Underage football and the development of the game in the City That Never Sleeps has also made giant strides forward in the last decade or so.

“We also have a very good underage structure which has been up and running for the best part of the last 12 years.

“We had a very good U-14 team last year (2014). They did very well in National Feile final in Mayo. They won their group beating Castlebar and Ballina Stephenites from Mayo and Dublin champions, Ballyboden St Enda’s before losing to eventual outright winners, Naas, in the quarter-final.

“They were a very good team. My own son, Anthony, was on the team and we were very pleased with how they did and we received great compliments from people like Martin McHugh that watched them playing.

“They did very well considering that they were playing at the highest level in Division One. We hope to build on that success now and bring them through to minor and eventually senior level.”
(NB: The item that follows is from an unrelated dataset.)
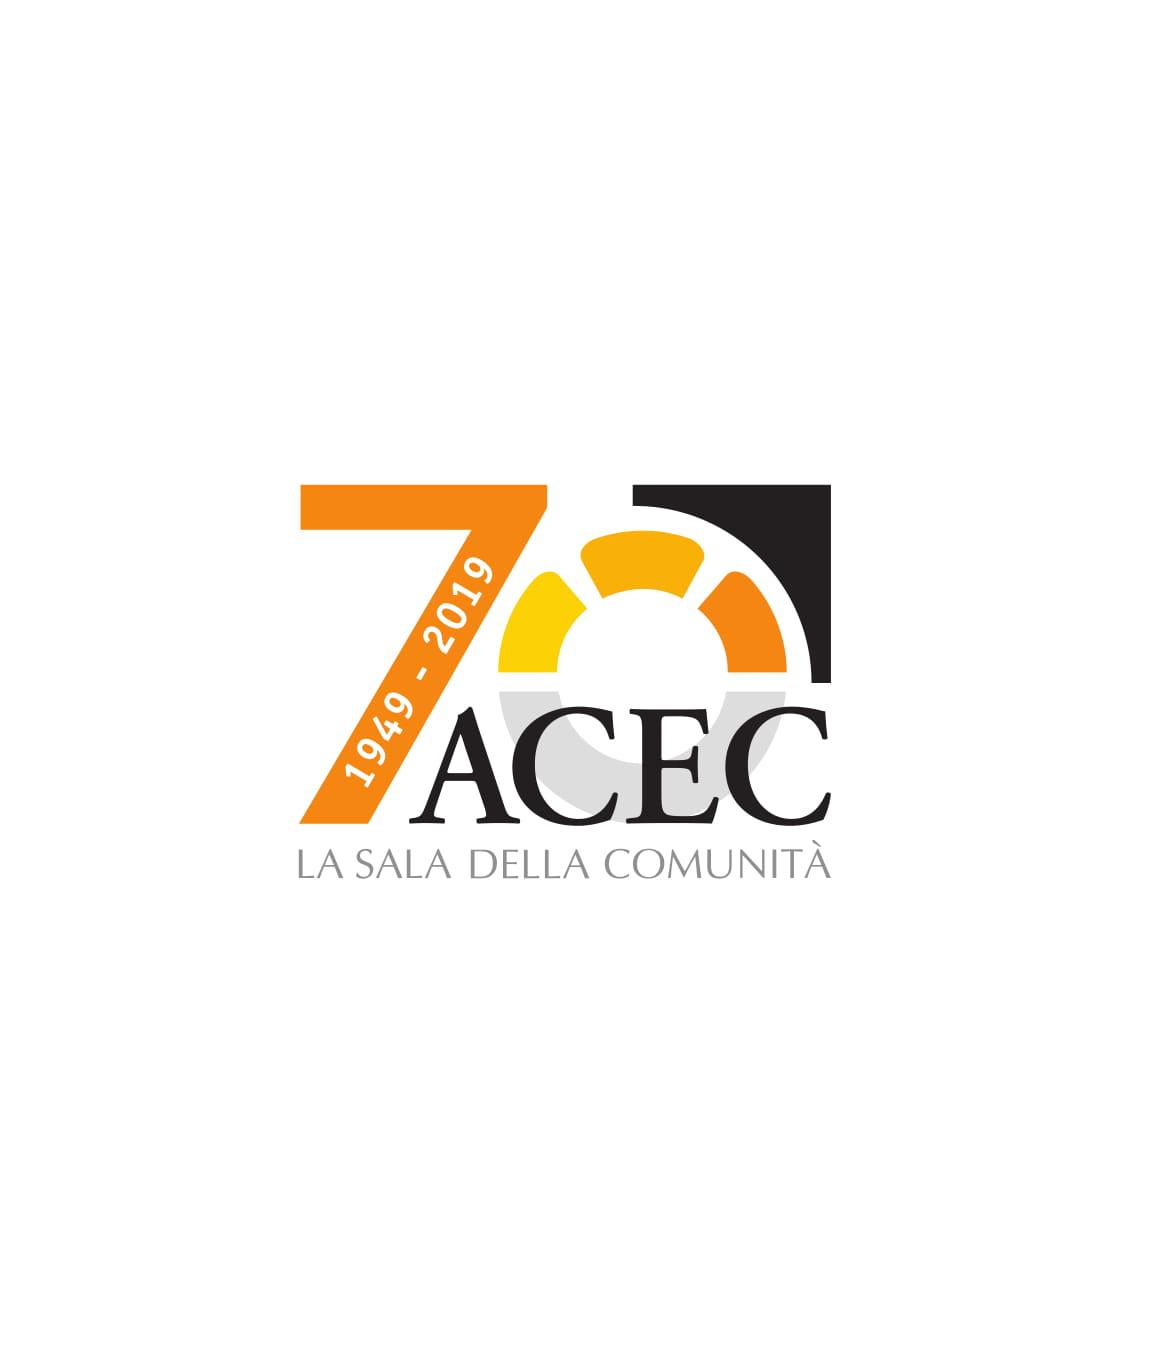 logoAcec_70_data-1

Laurence himself played at all age levels right up to junior Division Four league before emigrating to New York in 1987, at the age of 18.

And one of the treasured trophies in his trophy cabinet is a Division Four Donegal Shield medal from 1984. Just 15 at the time, Laurence was a sub on the Pettigo team that defeated Dungloe in the final, in a replay in Fintra -a Dungloe team that included the writer, though I missed the replay through illness.

He joined Donegal New York on hitting the Big Apple and played for the club for a number of years. His greatest hour with Donegal New York on the playing fields was when he managed the club’s junior team to New York championship success in 1995.

After he hung up his playing boots he got involved in the administration side and held many positions before rising to chairman.

He served 13 years in the club’s top job before graduating to the New York Board as senior divisional chairman. The Division Board is the body that oversees the running of all senior clubs, both football and hurling, under the board’s jurisdiction.

And from there he moved to New York board chairman, a position he held for the three years prior to his elevation to the top job at the end of November.

And now he holds the reigns for the Association in one of the capitals of the world in a time of great change and many challenges.

But have no fear; in the hands of Laurence McGrath, the Association couldn’t be safer. He is a GAA through and through; it’s in his genes.